[Activity]: The copy must match the data word for word and contain no pictures.

Available data START

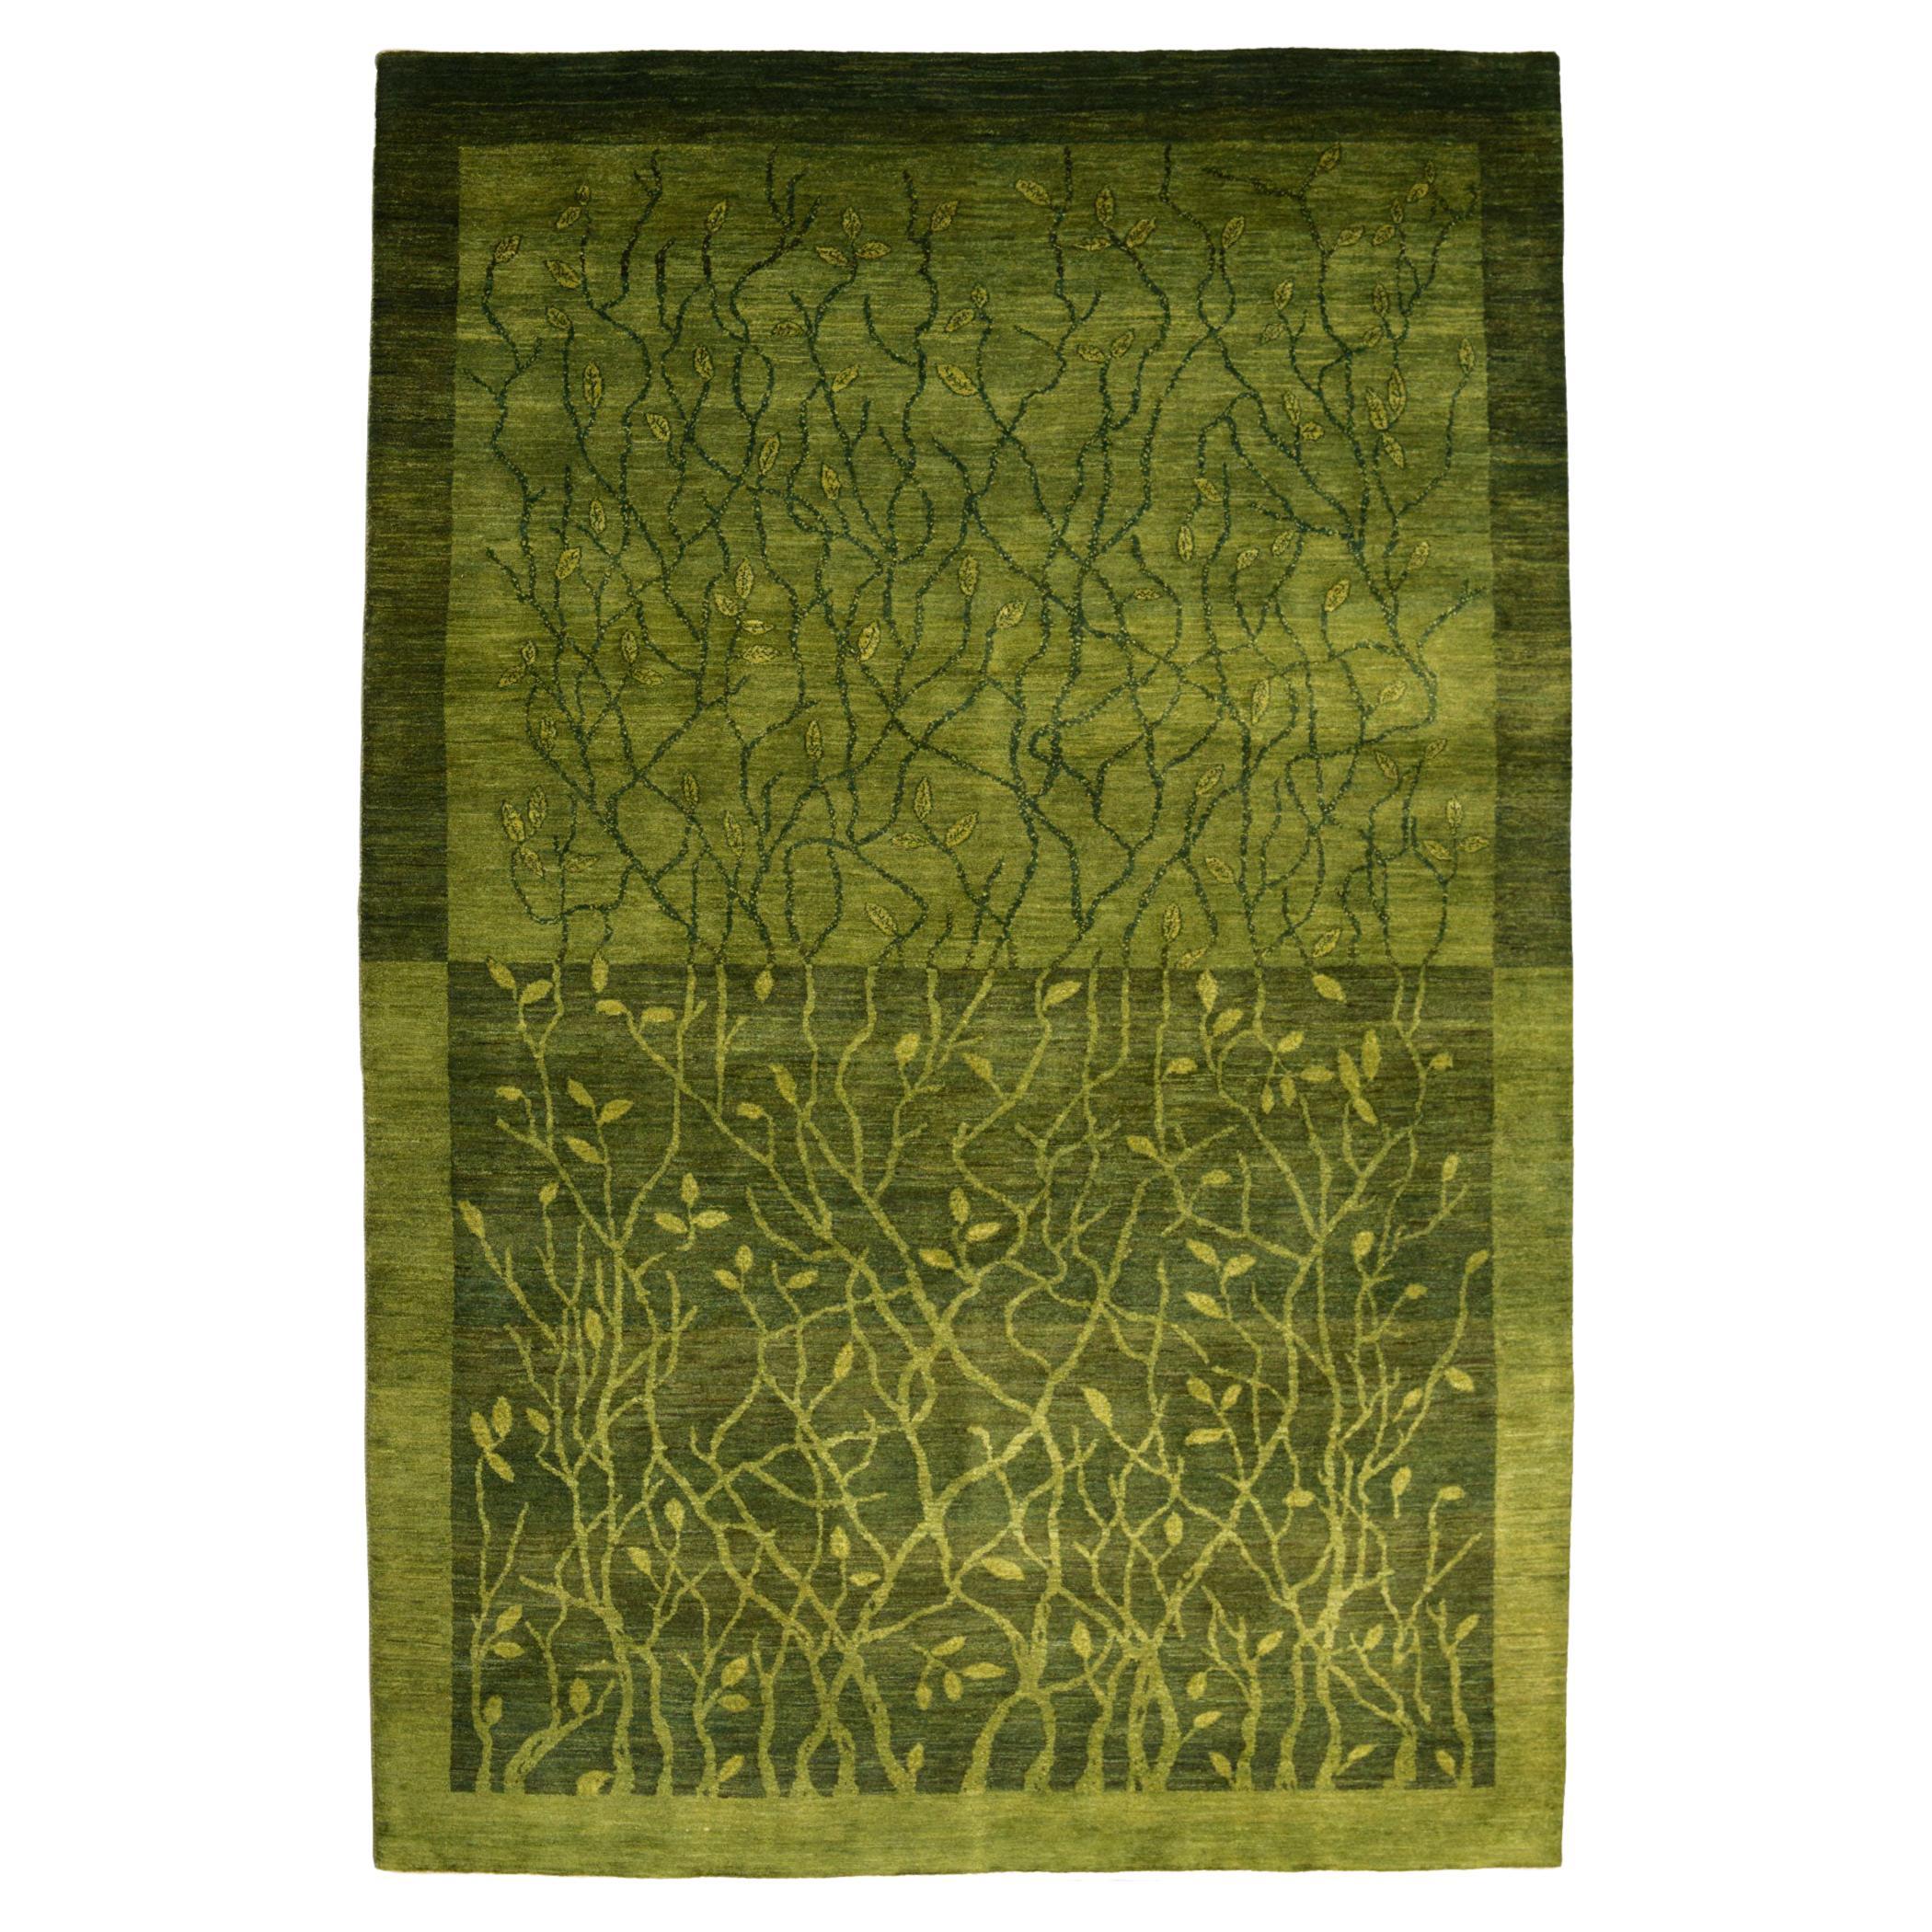 Orley Shabahang "Flora" Mid-Century Persian Kashkouli Rug, 6' x 9' For Sale
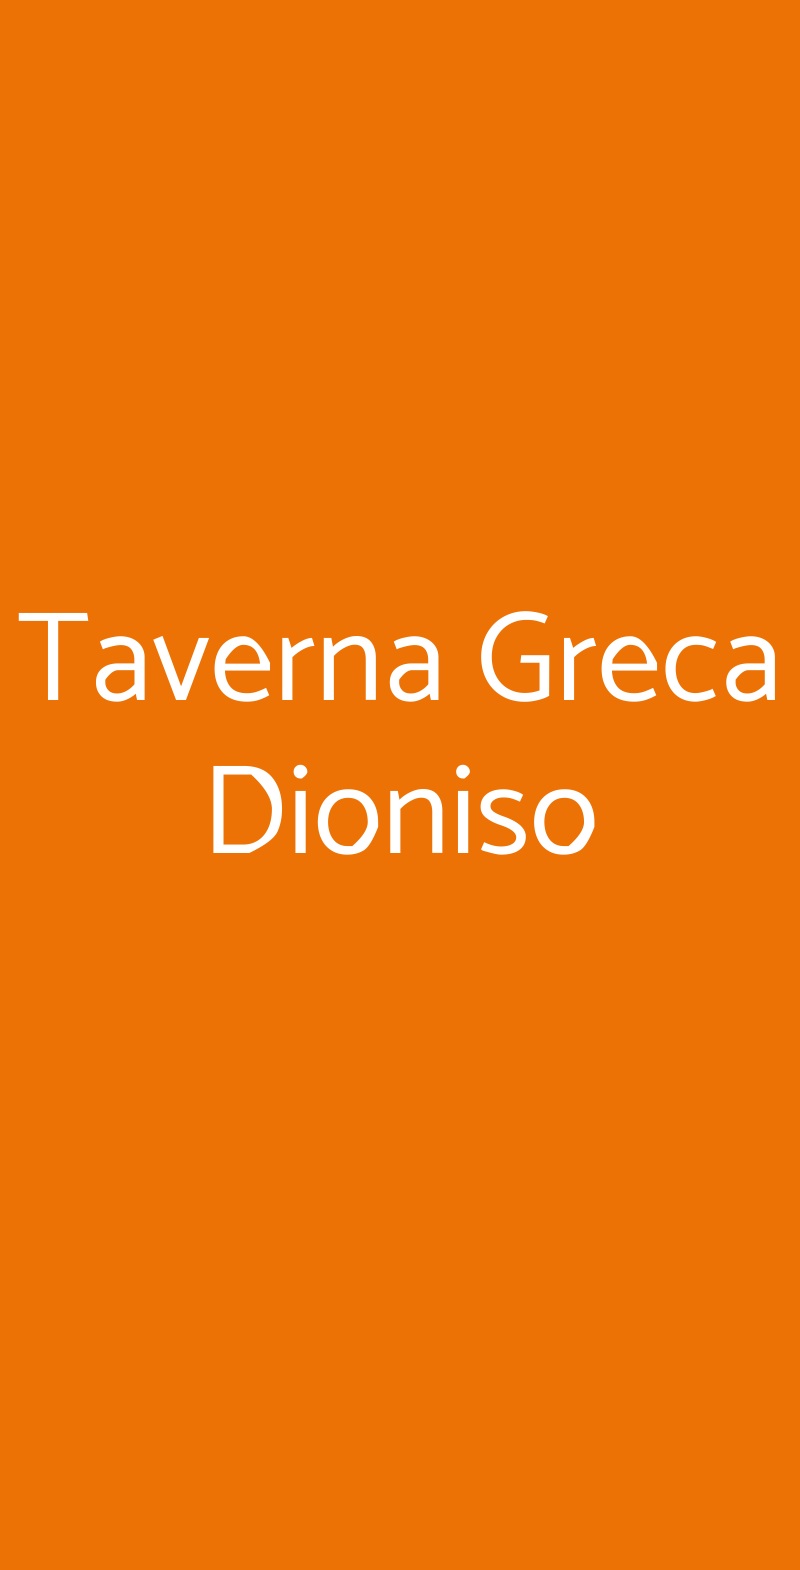 Taverna Greca Dioniso Firenze menù 1 pagina
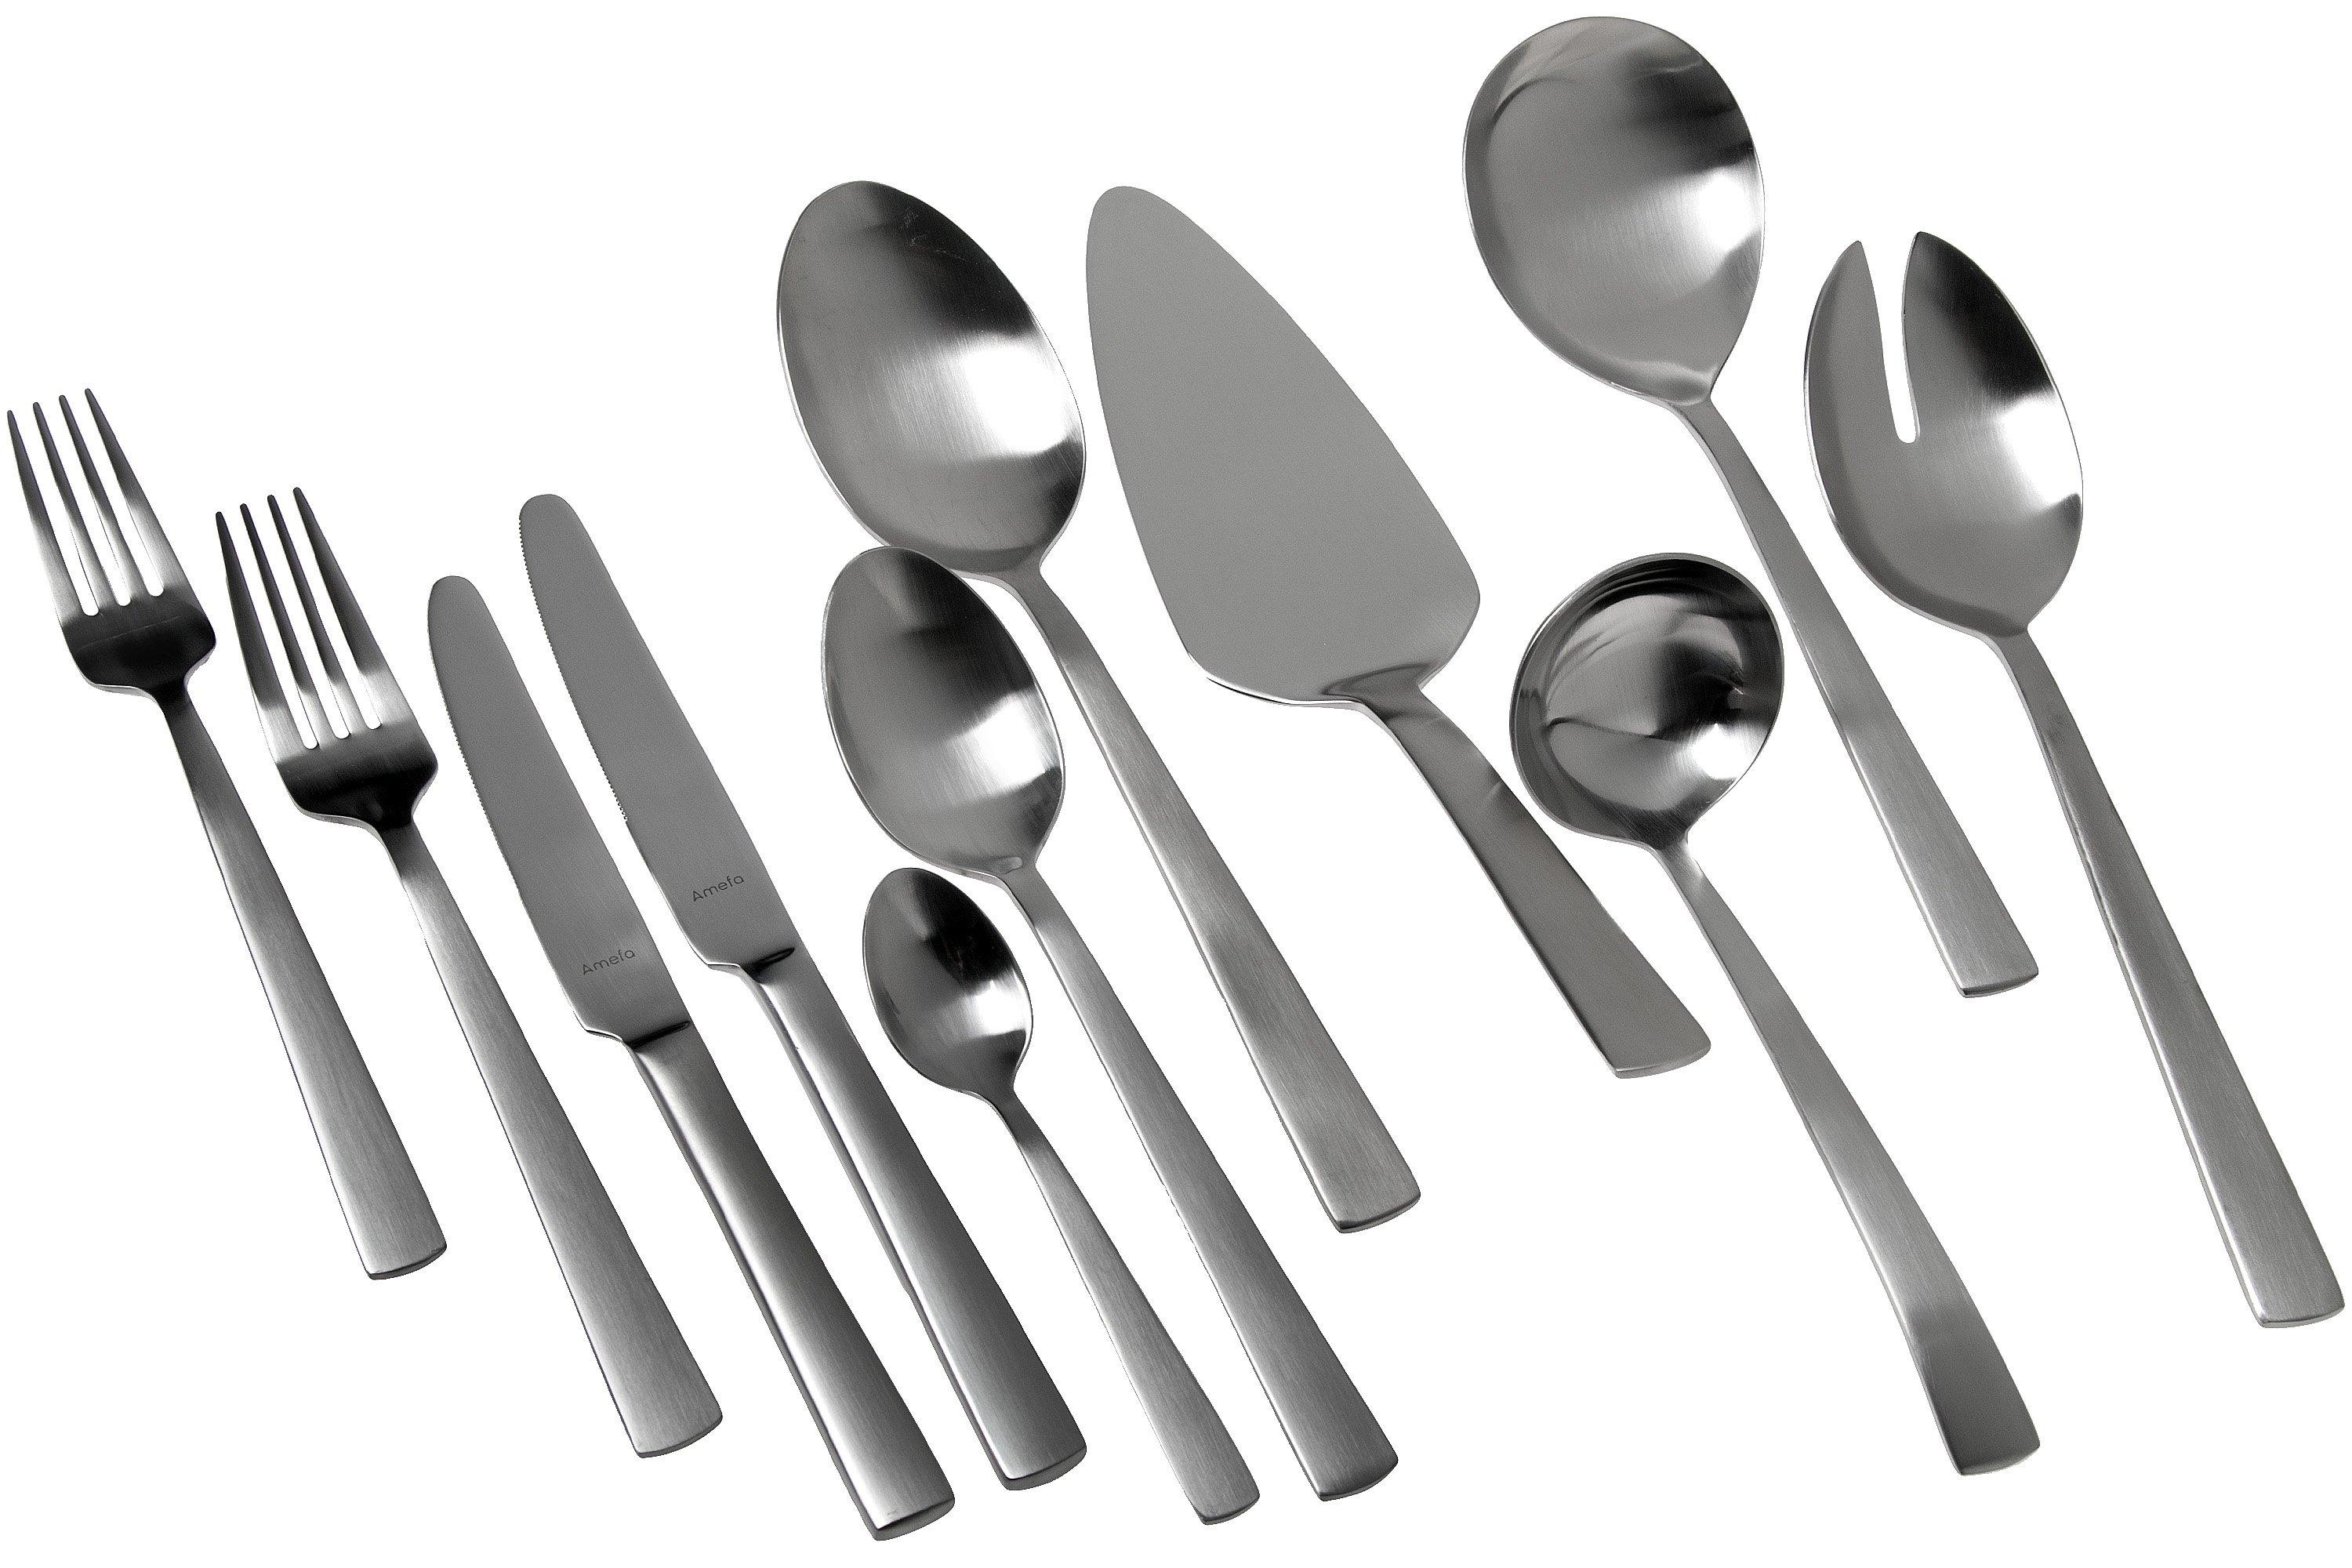 Verdorie intern Baffle Amefa Ventura 1924 78-piece cutlery set | Advantageously shopping at  Knivesandtools.com

Available data END

[Result below]:
 Orley Shabahang "Flora" Mid-Century Persian Kashkouli Rug, 6' x 9' For Sale
 Taverna Greca Dioniso Firenze menù 1 pagina
 Verdorie intern Baffle Amefa Ventura 1924 78-piece cutlery set | Advantageously shopping at  Knivesandtools.com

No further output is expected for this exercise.